В этот момент, ломая кусты, подбегает взбудораженный часовой.

— Разрешите доложить, идет, я видел искры.

В наступившей тишине мы слышим замирающий шорох леса. Где-то далеко из этой тишины вырывается тяжелое пыхтенье паровоза, преодолевающего подъем. Паровоз сопит так жалостно, будто ему не хватает сил. Время от времени он совсем затихает, заторможенный бдительной рукой, но вскоре мы снова слышим стук поршней, все более близкий, все более отчетливый.

Я поднимаю руку.

— Взвод, за мною бегом марш!

Молча, в установленном порядке мы бежим вдоль ровной линии леса. Огибаем черные штабеля защитных щитов от снега, которые ждут следующей зимы. Бежим, спотыкаясь по нетвердой весенней почве, от горького воздуха колет в груди. Стараюсь дышать как можно реже, я боюсь своего горла, как бы набитого пересохшей глиной, боюсь своих ребер, сжимающих меня тесным обручем, боюсь размеренного свиста, который вырывается у меня из груди, как из полого ствола ивы.

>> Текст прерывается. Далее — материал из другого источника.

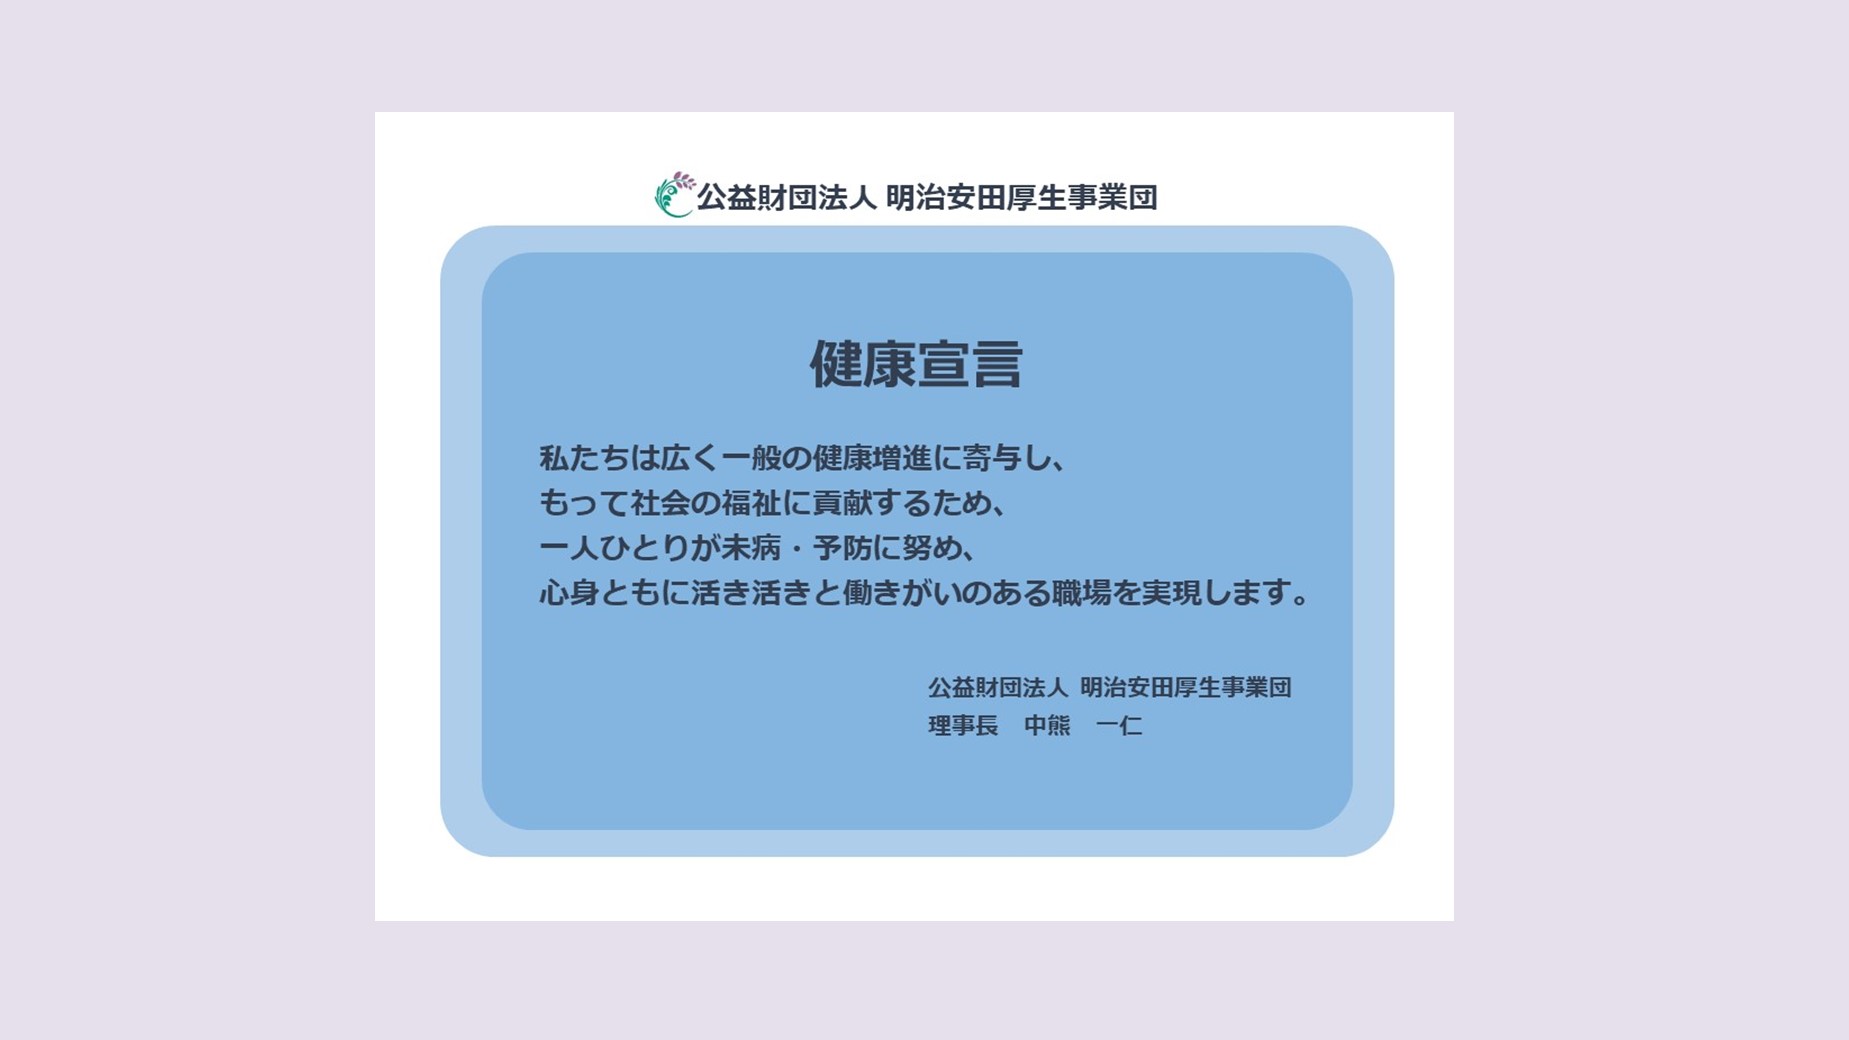 明治安田厚生事業団は「健康経営」を宣言しました

Уже видны подслеповатые голубые фары локомотива. Черная туча дыма вползает на чистое блестящее небо. Мы уже слышим, как переговариваются немцы.

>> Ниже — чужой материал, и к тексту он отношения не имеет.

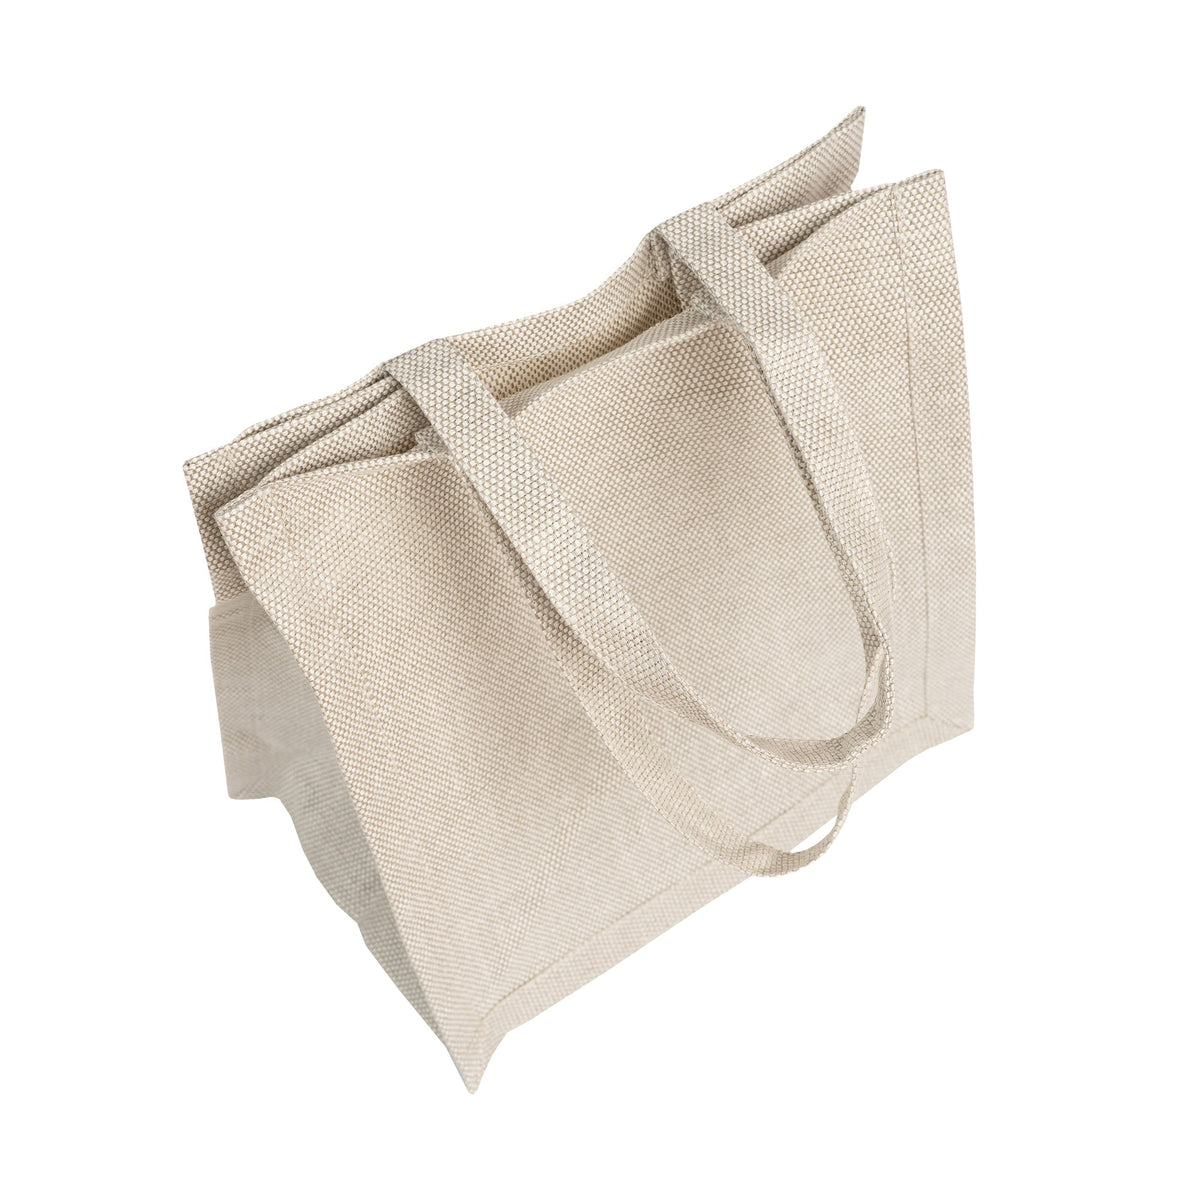 MENIQUE Rigid 100% Linen Tote Bag

И сразу гремят выстрелы. Они, сливаясь, зажигают удивительно прозрачное зарево, наполняют собой воздух и самую атмосферу того вечера, о котором мы будем вспоминать до конца жизни.

Я врываюсь в здание станции. Закопченная лампочка под зеленой тарелкой абажура бешено качается во все стороны. На каменном полу, покрытом жидкой, весенней грязью, лежат вповалку съежившиеся фигуры. Я нажимаю плечом на дверь дежурного по станции. Сыплются осколки стекла, но звона их я не слышу. Возле стола с телеграфным аппаратом стоит немецкий железнодорожник в красной фуражке, он как-то очень медленно поднимает руки над головой. Польские железнодорожники в полной растерянности жмутся у стен, они то поднимают руки на высоту груди, то опускают их, не зная, как себя вести в столь неожиданной ситуации.

Я живо берусь за дело. Прикладом автомата торопливо разбиваю телефонное оборудование, ломаю телеграфный аппарат и переливающийся разноцветными огоньками пульт управления. Сквозь отверстие, выцарапанное в синей краске, которой замазано большое окно, я вижу часть перрона: мелькают черные силуэты, люди дерутся, но я не могу разобрать, кто свой, а кто чужой. Из клубов пара, как из бездонной пучины, с величайшим, смертельным усилием вырывается женщина с непокрытой головой. Рот у нее широко раскрыт, но ее крика я не слышу. Медленно, как во сне, бежит она в мою сторону. Возможно, что она меня видит и устремляется ко мне, рассчитывая на мое заступничество. Длится это одно мгновение, но, прежде чем она исчезает, я успеваю заметить детскую ямочку на ее подбородке.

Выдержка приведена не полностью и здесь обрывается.